Athena charges you by the amount of data scanned per query.  You can save on costs and get better performance when querying CloudTrail log files by partitioning the data to the time ranges you are interested in.  For more information on pricing, see Athena pricing.  To better understand how to partition data for use in Athena, see Analyzing Data in S3 using Amazon Athena.

Popular use cases

These use cases focus on:

  • Amazon EC2 security group modifications
  • Console Sign-in activity
  • Operational account activity

EC2 security group modifications

When reviewing an operational issue or security incident for an EC2 instance, the ability to see any associated security group change is a vital part of the analysis.

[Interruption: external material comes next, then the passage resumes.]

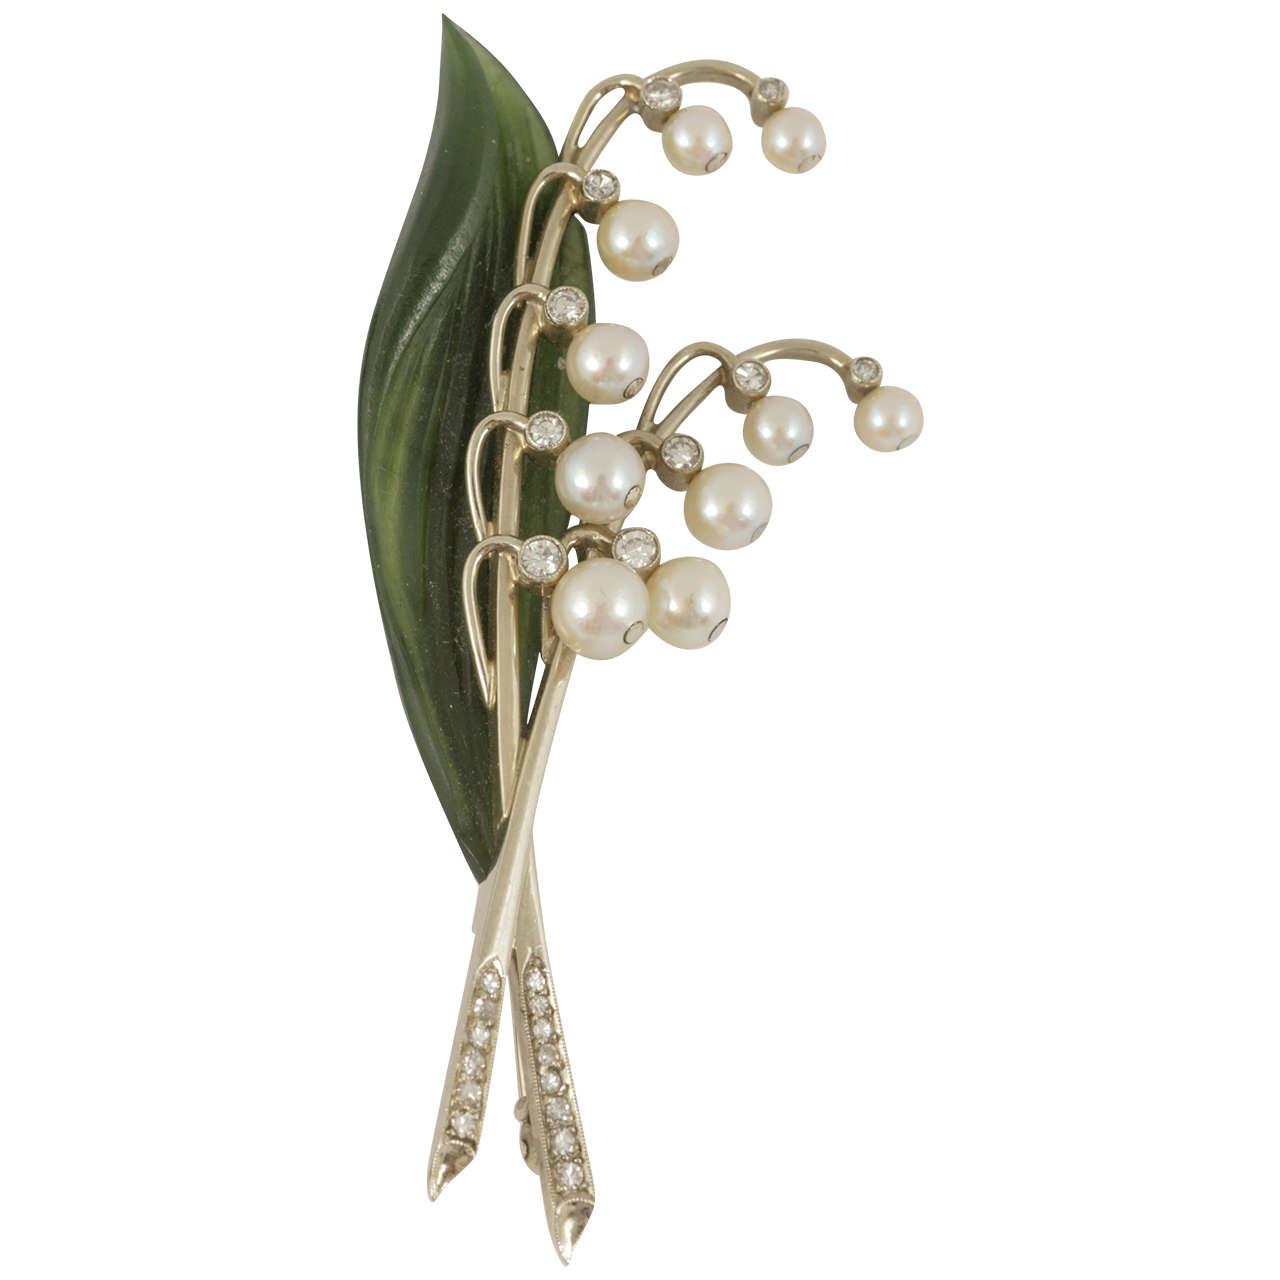 Austrian natural pearl nephrite diamond lily of the valley spray austrian natural pearl nephrite diamond lily of the valley spray brooch for sale izmirmasajfo Gallery

For example, if an EC2 instance triggers a CloudWatch metric alarm for high CPU utilization, we can first look to see if there have been any security group changes (the addition of new security groups or the addition of ingress rules to an existing security group) that potentially create more traffic or load on the instance. To start the investigation, we need to look in the EC2 console for the network interface ID and security groups of the impacted EC2 instance. Here is an example:

Network interface ID = eni-6c5ca5a8

Security group(s) = sg-5887f224, sg-e214609e

The following query can help us dive deep into the security group analysis. We’ll configure the query to filter for our network interface ID, security groups, and a time range starting 12 hours before the alarm occurred so we’re aware of recent changes. (CloudTrail log files use the ISO 8601 data elements and interchange format for date and time representation.)

Identify any security group changes for our EC2 instance:

select eventname, useridentity.username, sourceIPAddress, eventtime, requestparameters from cloudtrail_logs
where (requestparameters like '%sg-5887f224%' or requestparameters like '%sg-e214609e%' or requestparameters like '%eni-6c5ca5a8%')
and eventtime > '2017-02-15T00:00:00Z'
order by eventtime asc;

This query returned the following results:

eventnameusernamesourceIPAddresseventtimerequestparameters
DescribeInstances72.21.196.682017-02-15T00:57:23Z{“instancesSet”:{},”filterSet”:{“items”:[{“name”:”instance.group-id”,”valueSet”:{“items”:[{“value”:”sg-5887f224″}]}}]}}
DescribeInstances72.21.196.682017-02-15T00:57:24Z{“instancesSet”:{},”filterSet”:{“items”:[{“name”:”instance.group-id”,”valueSet”:{“items”:[{“value”:”sg-e214609e”}]}}]}}
DescribeInstances72.21.196.682017-02-15T17:06:01Z{“instancesSet”:{},”filterSet”:{“items”:[{“name”:”instance.group-id”,”valueSet”:{“items”:[{“value”:”sg-e214609e”}]}}]}}
DescribeInstances72.21.196.682017-02-15T17:06:01Z{“instancesSet”:{},”filterSet”:{“items”:[{“name”:”instance.group-id”,”valueSet”:{“items”:[{“value”:”sg-5887f224″}]}}]}}
DescribeSecurityGroups72.21.196.702017-02-15T23:28:20Z{“securityGroupSet”:{},”securityGroupIdSet”:{“items”:[{“groupId”:”sg-e214609e”}]},”filterSet”:{}}
DescribeInstances72.21.196.692017-02-16T11:25:23Z{“instancesSet”:{},”filterSet”:{“items”:[{“name”:”instance.group-id”,”valueSet”:{“items”:[{“value”:”sg-e214609e”}]}}]}}
DescribeInstances72.21.196.692017-02-16T11:25:23Z{“instancesSet”:{},”filterSet”:{“items”:[{“name”:”instance.group-id”,”valueSet”:{“items”:[{“value”:”sg-5887f224″}]}}]}}
ModifyNetworkInterfaceAttributebobodell72.21.196.642017-02-16T19:09:55Z{“networkInterfaceId”:”eni-6c5ca5a8″,”groupSet”:{“items”:[{“groupId”:”sg-e214609e”},{“groupId”:”sg-5887f224″}]}}
AuthorizeSecurityGroupIngressbobodell72.21.196.642017-02-16T19:42:02Z{“groupId”:”sg-5887f224″,”ipPermissions”:{“items”:[{“ipProtocol”:”tcp”,”fromPort”:143,”toPort”:143,”groups”:{},”ipRanges”:{“items”:[{“cidrIp”:”0.0.0.0/0″}]},”ipv6Ranges”:{},”prefixListIds”:{}},{“ipProtocol”:”tcp”,”fromPort”:143,”toPort”:143,”groups”:{},”ipRanges”:{},”ipv6Ranges”:{“items”:[{“cidrIpv6″:”::/0″}]},”prefixListIds”:{}}]}}

The results show that the ModifyNetworkInterfaceAttribute and AuthorizedSecurityGroupIngress API calls may have impacted the EC2 instance. The first call was initiated by user bobodell and set two security groups to the EC2 instance. The second call, also initiated by user bobodell,  was made approximately 33 minutes later, and successfully opened TCP port 143 (IMAP) up to the world (cidrip:0.0.0.0/0).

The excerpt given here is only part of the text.